Брамфатуров искоса взглянул на соседку, словно раздумывая, сообщить ли ей о той каменной глыбе, которая свалилась с его сердца в связи с известием о завидном здравии ее зубных недосчетов или не стоит. И вероятно, предпочтя последнее, ограничился красноречивым кивком: дескать, понял, рад, постараюсь не сглазить…
– Вот и хорошо, что понял, – сказала дама и, достав из своей сумочки какую-то толстую тетрадь, развернулась всем корпусом к проходу.
– Хорошо-то хорошо, – пробормотал Брамфатуров, – да ничего хорошего, – заключил он тут же. И ни к кому конкретно не адресуясь, а как бы рассуждая с самим собой, продолжил членораздельным полушепотом о том, как он опростоволосился и какого свалял дурака, когда только сейчас вспомнил, что вообще-то на уроках русского языка и литературы он всегда сидит с краю, возле прохода, а значит, должен был писать второй вариант, а не первый, и что ему теперь делать – просто ума не приложит…
– Могу подсказать, – тихо, но внушительно, не дав себе труда обернуться, произнесла роноевская дама. – Переписывай то, что написал, на беловик, а я уж, так и быть, постараюсь уладить с Арпик Никаноровной это маленькое недоразумение.
– Спасибо, – поблагодарил растроганный школяр, так же не глядя на соседку, как и та не него. – Но, увы, беловик я уже написал. Это – во-первых. А во-вторых, вы плохо осведомлены о наших с ней взаимоотношениях. Я имею в виду литературные разногласия. Учитывая оные, я не нахожу для себя иного выхода, как не попытаться написать тот вариант, который я должен был писать изначально…
– Какие разногласия? – затлело, пока еще не дымясь, естественное любопытство методистки.
– Известно какие: она горой за социалистический реализм, а я – за метафорический…
– И в чем же это выражается?
– В поэтических пристрастиях, например. Ей по душе Маяковский, мне – Мандельштам…
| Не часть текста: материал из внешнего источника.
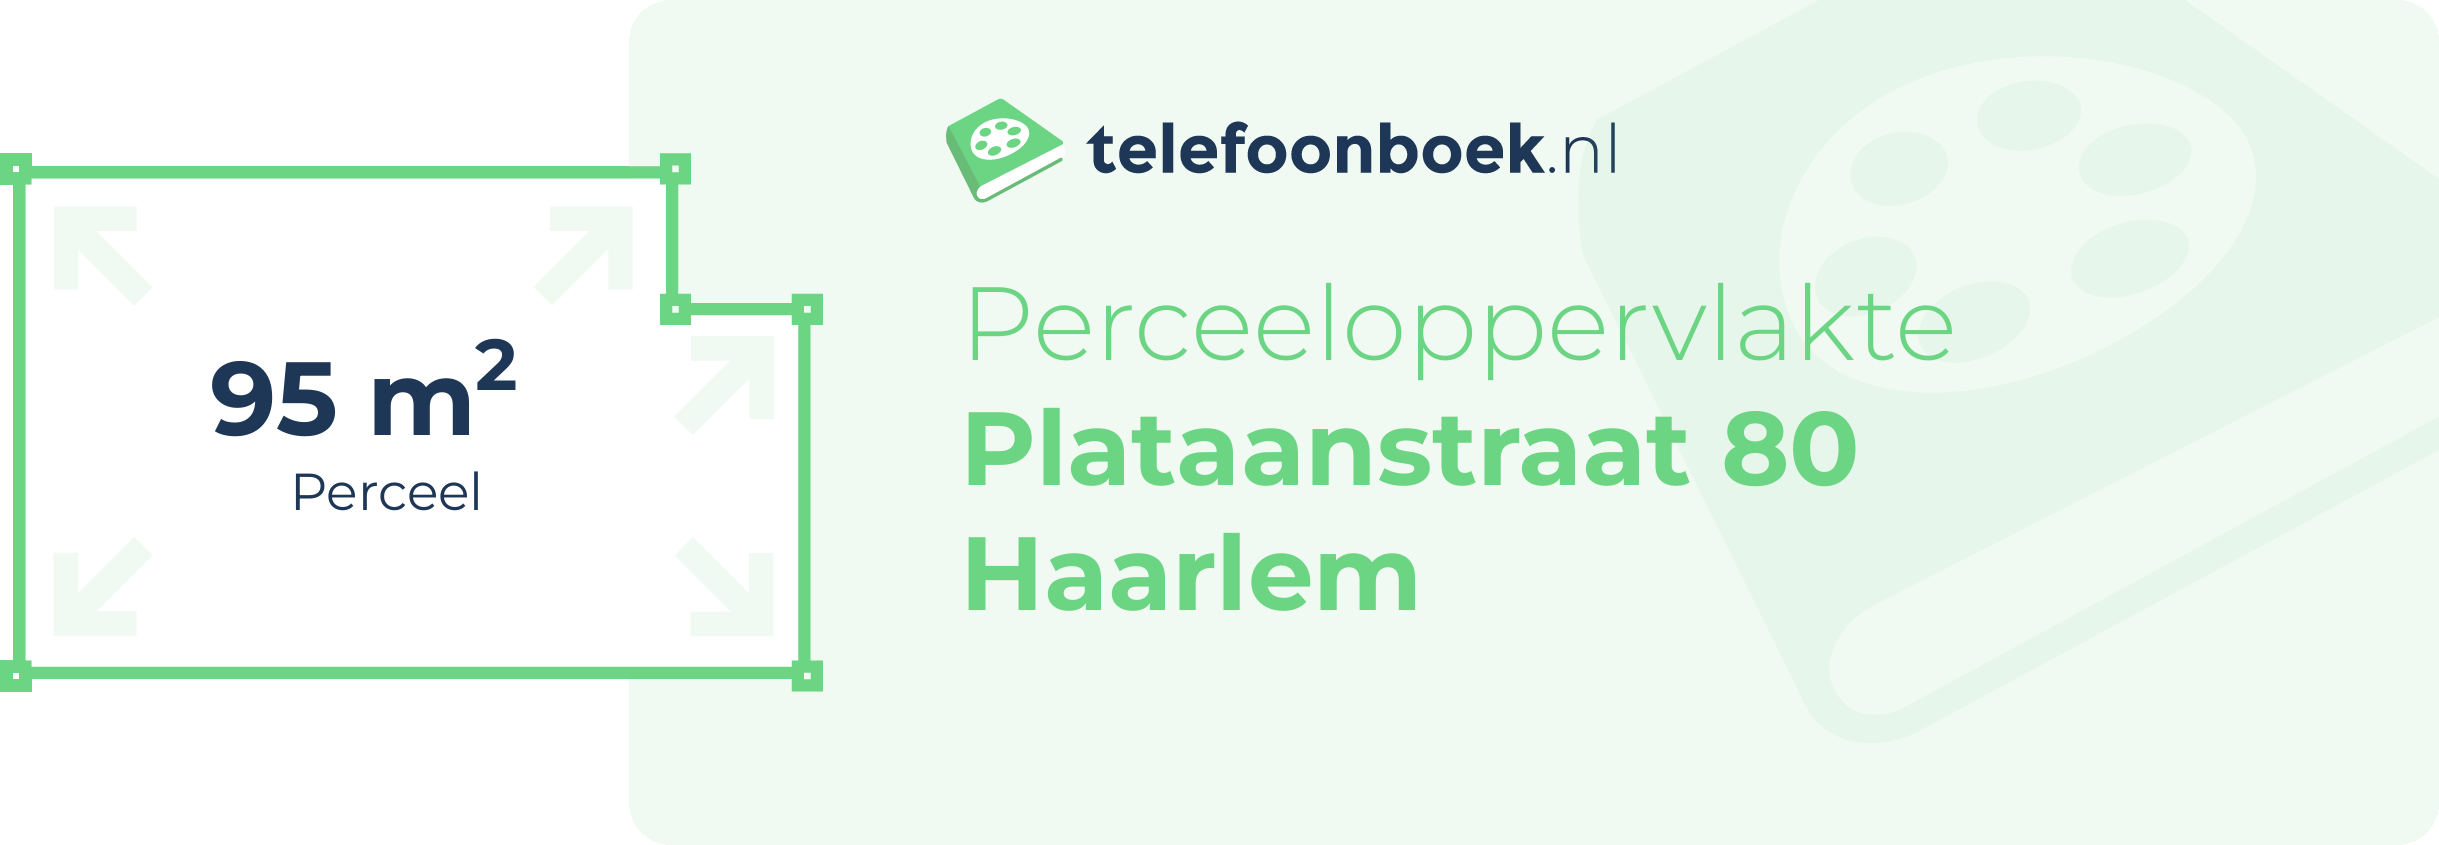 Perceeloppervlakte Plataanstraat 80 Haarlem

– Вы еще не проходили ни того, ни… гм… другого, – слегка замялась в своей назидательности дама, должно быть, вспомнив, что того другого проходить не будут вовсе. – Да и что такое социалистический реализм тебе еще только предстоит узнать в следующем учебном году…
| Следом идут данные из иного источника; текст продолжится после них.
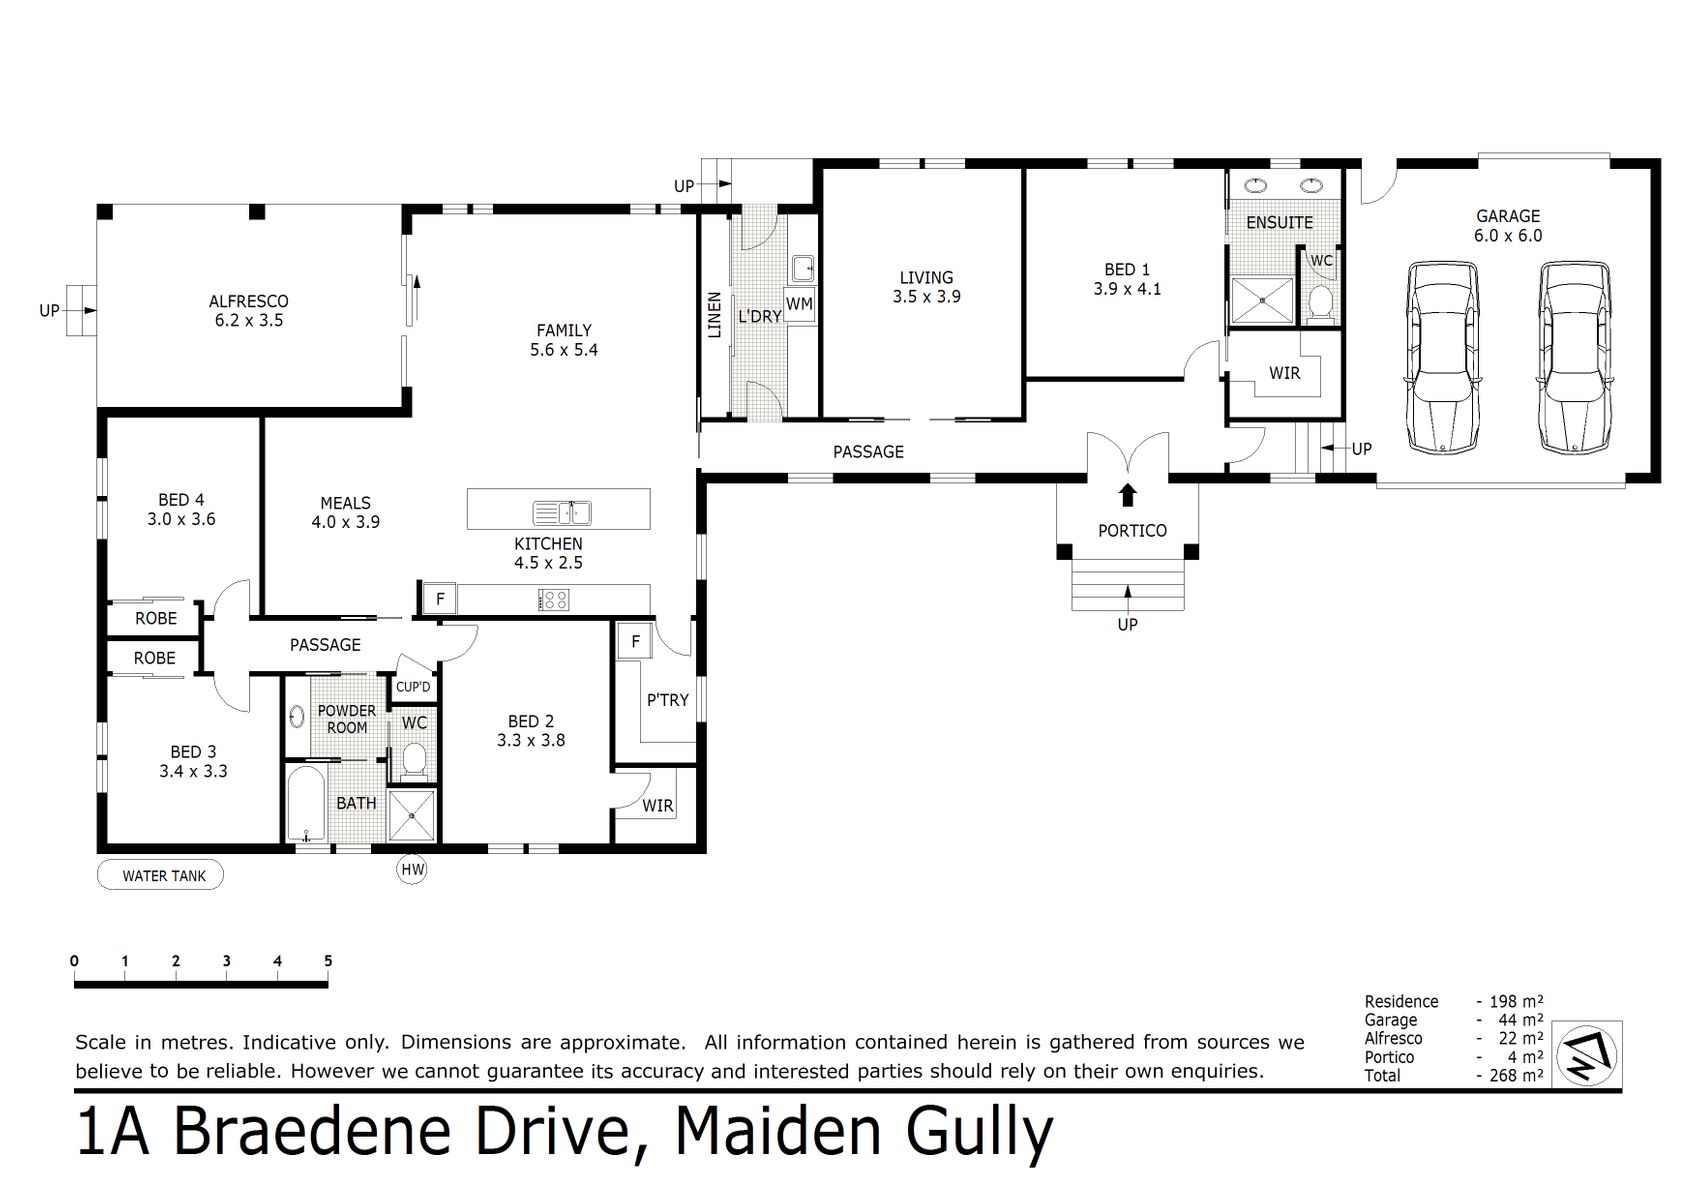 1A Braedene Drive Maiden Gully (23 NOV 2020) 242sqm (1)

– Ах, мадам, во многой мудрости много печали, – пожаловался Брамфатуров. – Увы, но этот бином Ньютона стал мне известен еще в прошлом…
– Неужели? – заметила дама, постаравшись возместить скудость содержания язвительностью эмфазы.
– Je regrette beaucoup, mais…[66]
– И что же это за бином, мальчик?
– Официально, тетенька, социалистический реализм – это правдивое, исторически конкретное изображение жизни в ее революционном развитии. А неофициально, то есть в действительности, соцреализм есть воспевание начальства в доступной ему форме.
Дама изменилась в лице. Для этого у нее имелось по меньшей мере два повода: во-первых, тетенькой назвали, а не Офелией Суреновной или на худой конец товарищем Ашхужяном, а во-вторых… во-вторых, она, кажется, ослышалась. Ну, конечно же, ослышалась! Не мог этот скверный мальчишка сказать такую… такое… этакое… в общем, явную чушь, смахивающую на провокацию. Или все же мог? Дама села прямо, прикрылась тетрадью и, скосив глаза на соседа, увидела, что тот, абсолютно не интересуясь ее реакцией, что-то быстро пишет, иногда останавливаясь, задумываясь, зачеркивая одно и вписывая поверх строки другое. Пишет по-взрослому неразборчиво и по-мальчишес-ки увлеченно. Рядом, по правую руку ученика, почти на ее половине парты, притягивал внимание исписанный двойной листок черновика. Дама сочла свои долгом углубиться в эти незрелые каракули со всем тщанием задетого за живое знатока школярской криптографии.